"हाथी घोडा पालकी
जय कन्हैया लाल की "
जय कन्हैया लाल की "
Today being the auspicious occasion of Janmastami/Gokulashtami, I thought what better day to "get back" to my blog than this :)
My earliest memories of this festival are of my sister and me getting dressed as "gopikas" (much against our wishes I might add) and sitting at the local park which would be decorated and crowded with the local kiddie gang dressed up in whatever the occasion called for and depicting scenes from Lord Krishna's life! I am sure we must have found it fun the first time or so, but I tell you, it got boring (and embarrassing) real fast! That was when we lived in the northern part of India
Another memory is of amma making the "Krishnar kaal" kolam - rice flour foot prints representing baby Krishna walking in from the entrance right upto the place of worship. This is a tradition I follow. When my little one was still in his baby/toddler days, I would use his feet to make the prints, later I used my hands ofcourse!

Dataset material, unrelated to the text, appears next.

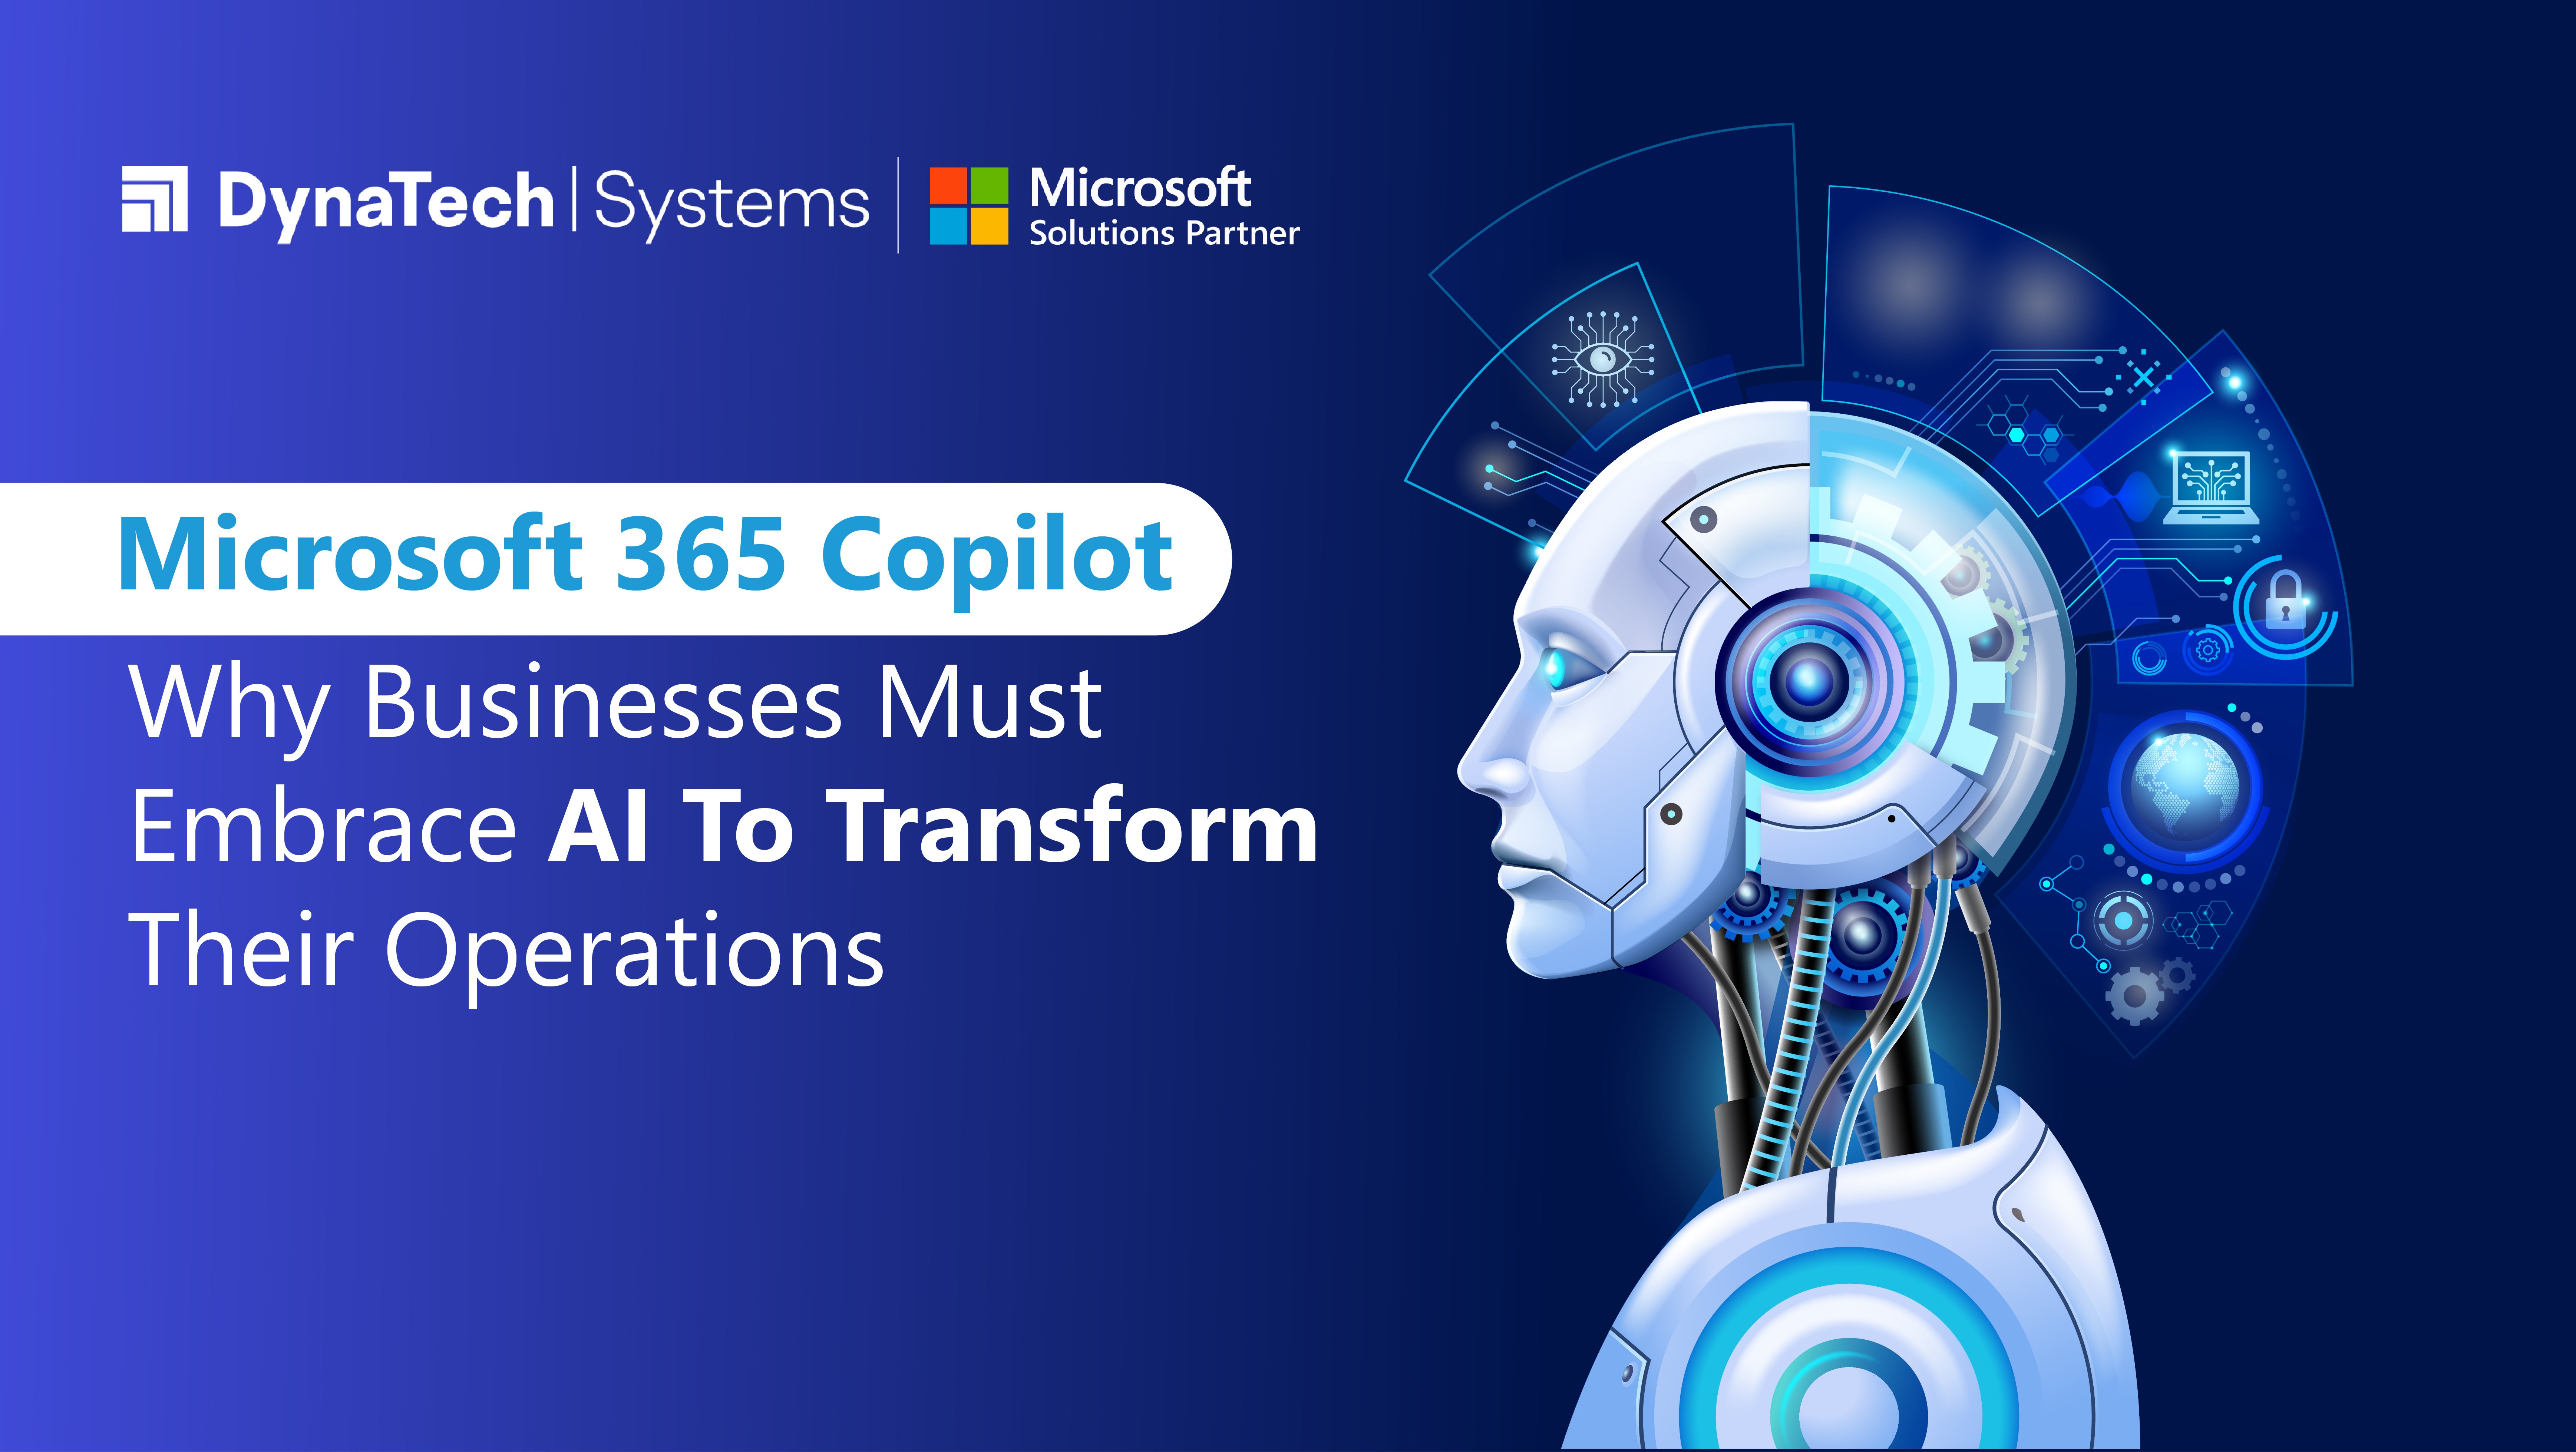 Microsoft 365 Copilot: Why Businesses Must Embrace AI To Transform Their Operations

The years spent in Mumbai hold memories of "Dahi handi" - it always amazes me to see the human pyramids formed by all these Govindas while they are splashed by water, not just by the monsoon Gods, but also by the human spectators. It sure is a thrill to see them reach out into the skies, so high, oh so high, to break the matki and collect their prize!
And then there is all the stuff we get to eat! Thats one good thing about us Hindus - I mean we have got tons of festivals to celebrate and each comes with its own set of munchies to be prepared. Our deities sure were foodies. Take Lord Krishna - he loved milk products. His affinity for butter earned him the name of "Maakhan Chor" literally translated to "Butter Thief"!
My mom used to make a lot of yummy goodies for neivedyam. Typically butter, poha, milk, sugar, fruits, appam, uppu and vella cheedai, paayasam, ribbon etc are offered. This year, I skipped the ribbon and paayasam.
So, here I am with the recipe of one of the things made on this festival - atleast by us Tam Brams - Uppu Cheedai. Well, I usually write recipes of sweets associated with a festival, this time, for a change, I thought, why not pick a savory item.
Preparation & Cooking: 20 minutes Makes: 40-45
Rice Flour - 1 cup
Urad Dal (Black Gram) Powder - 2 tablespoons
Hing/Asafoetida - ¼ teaspoon
Sesame Seeds (White) - 1 teaspoon
Shredded Coconut - 1 tablespoon
Unsalted Butter - 2 tablespoons (melted)
Water - to make dough
Salt - To taste
Coconut Oil - 1 teaspoon (for kneading)
Oil - For deep frying
- Dry roast the rice flour for a minute or so, don't let it change color.
- Dry roast the urad dal powder till it turns a reddish tinge.
- Sieve the flours and knead it into a dough after adding everything except the oil for deep frying.
- Roll the dough into tiny balls, set them aside for 10 minutes, then fry them to a golden brown.
Drain them out on absorbent paper and eat - no wait, it was for neivedaym right? Offer it to Lord Krishna and then enjoy! Store the cheedais in an air tight container after they have cooled down.
Set aside the rolled cheedais for a few minutes before frying. I do this so as to prevent the oil from bursting. Uppu cheedais are notorious for spluttering hot oil everywhere, so I always keep a distance while frying them!